A Flex Grid Control will do what you want, have a look at the Flex
Grid Demo program for some examples.

Go to http://www.rogersaccesslibrary.com/OtherLibraries.asp and look
under Hibbs PeterS.

HTH

Peter Hibbs.
In my database, recording bookings of cars in our fleet, I am trying to
create a form that shows the cars down the lefthand side and a continuous
[quoted text clipped - 3 lines]
construct such a form?
many thanks in advance for any help. Andy.
 
A

Arvin Meyer [MVP]

If you have VB6 installed on your machine and use it to create your Access
install package, you can use the Flexgrid. Otherwise, as you say, there are
licensing issues.
--
Arvin Meyer, MCP, MVP
http://www.datastrat.com
http://www.mvps.org/access
http://www.accessmvp.com


andywal via AccessMonster.com said:
Thank you Peter for your suggestion and the samples which I hadn't seen
before, I can see how I could utilise flexgrid and I have considered it in
the past but I have read so many peoples reports on licensing issues I
have
tried to avoid the flexgrid as my solutions are distributed to and
installed
on many machines with various versions of office or none at all, and would
prefer not to cause myself any more grief. Is it really that difficult
useing
flexgrid from that perspective?
Andy.

Peter said:
Andy,

A Flex Grid Control will do what you want, have a look at the Flex
Grid Demo program for some examples.

Go to http://www.rogersaccesslibrary.com/OtherLibraries.asp and look
under Hibbs PeterS.

HTH

Peter Hibbs.
In my database, recording bookings of cars in our fleet, I am trying to
create a form that shows the cars down the lefthand side and a continuous
[quoted text clipped - 3 lines]
construct such a form?
many thanks in advance for any help. Andy.
 
P

Peter Hibbs

Andy,

I have written database apps in A2000 and and A2003 using this control
and have had no trouble running them on any version of Access from
2000 onwards (even A2007 runs fine).

Regarding the License issue, the way I read it is that the developer
gets the ActiveX license key when he/she purchases Visual Basic or
Visual Studio (or even downloading the free Visual Basic 2005 Express
version, I believe) and when he creates an application using the
ActiveX control that license key is embedded in the code for the
application so that it can be used on any other PC.
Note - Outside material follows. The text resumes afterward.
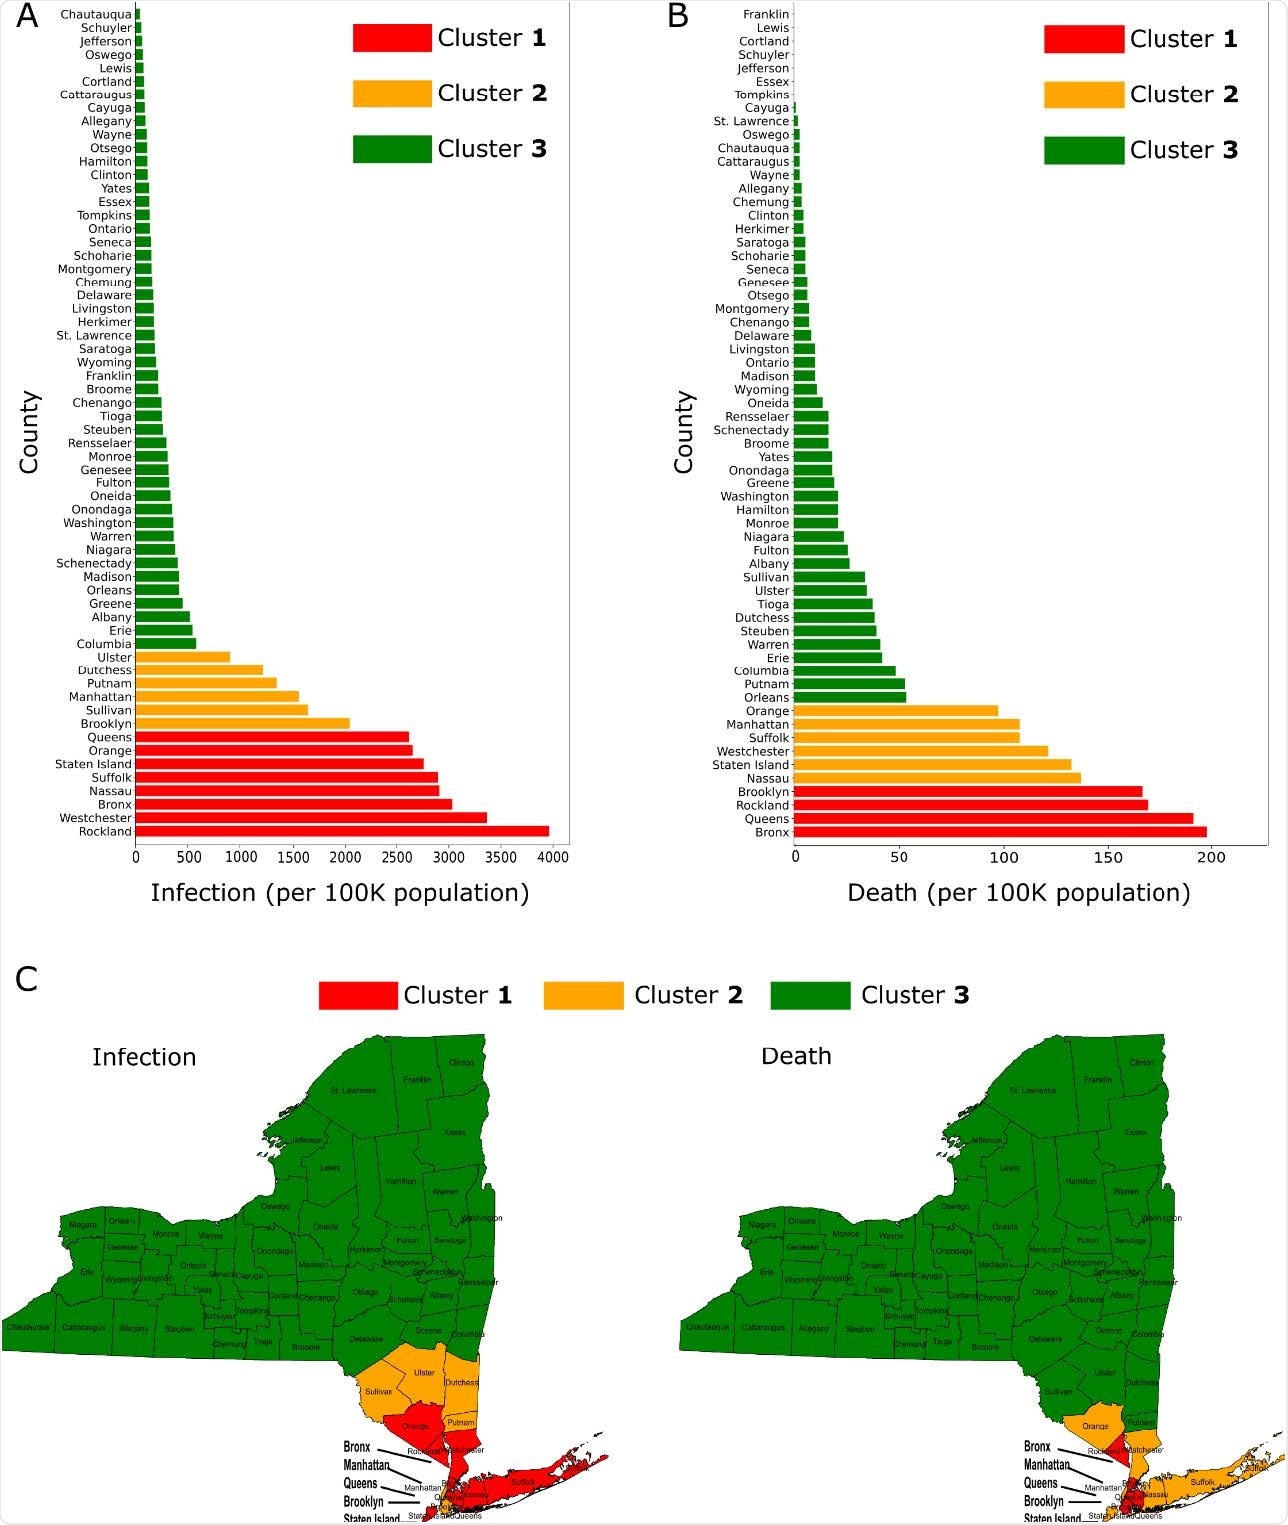 Infection and death from COVID-19 in NYS counties (data till May 16, 2020). (A-B) Infection rates (A) and death rates (B) rates of individual counties are shown; counties are further grouped into three clusters using k-means clustering technique. (C) Maps of NYS showing the locations of counties included in each of the clusters.

Of course, the ActiveX control still needs to be registered on the end
user's PC using regsvr32.exe (or in code). This site has more info in
license conditions for MS ActiveX controls.
http://msdn.microsoft.com/en-us/library/aa751973(VS.85).aspx

I don't believe there have been lots of different versions of the Flex
Grid control so I think it would be unlikely that you would run into
version problems.

As you say, distributing applications which have to work on different
OSs and different versions of Access is more fraught, but then what is
the alternative. The Flex Grid control sounds ideal for your
situation. I would be interested to know what you eventually decide to
do.

Peter Hibbs.

Thank you Peter for your suggestion and the samples which I hadn't seen
before, I can see how I could utilise flexgrid and I have considered it in
the past but I have read so many peoples reports on licensing issues I have
tried to avoid the flexgrid as my solutions are distributed to and installed
on many machines with various versions of office or none at all, and would
prefer not to cause myself any more grief. Is it really that difficult useing
flexgrid from that perspective?
Andy.

Peter said:
Andy,

A Flex Grid Control will do what you want, have a look at the Flex
Grid Demo program for some examples.

Go to http://www.rogersaccesslibrary.com/OtherLibraries.asp and look
under Hibbs PeterS.

HTH

Peter Hibbs.
In my database, recording bookings of cars in our fleet, I am trying to
create a form that shows the cars down the lefthand side and a continuous
[quoted text clipped - 3 lines]
construct such a form?
many thanks in advance for any help. Andy.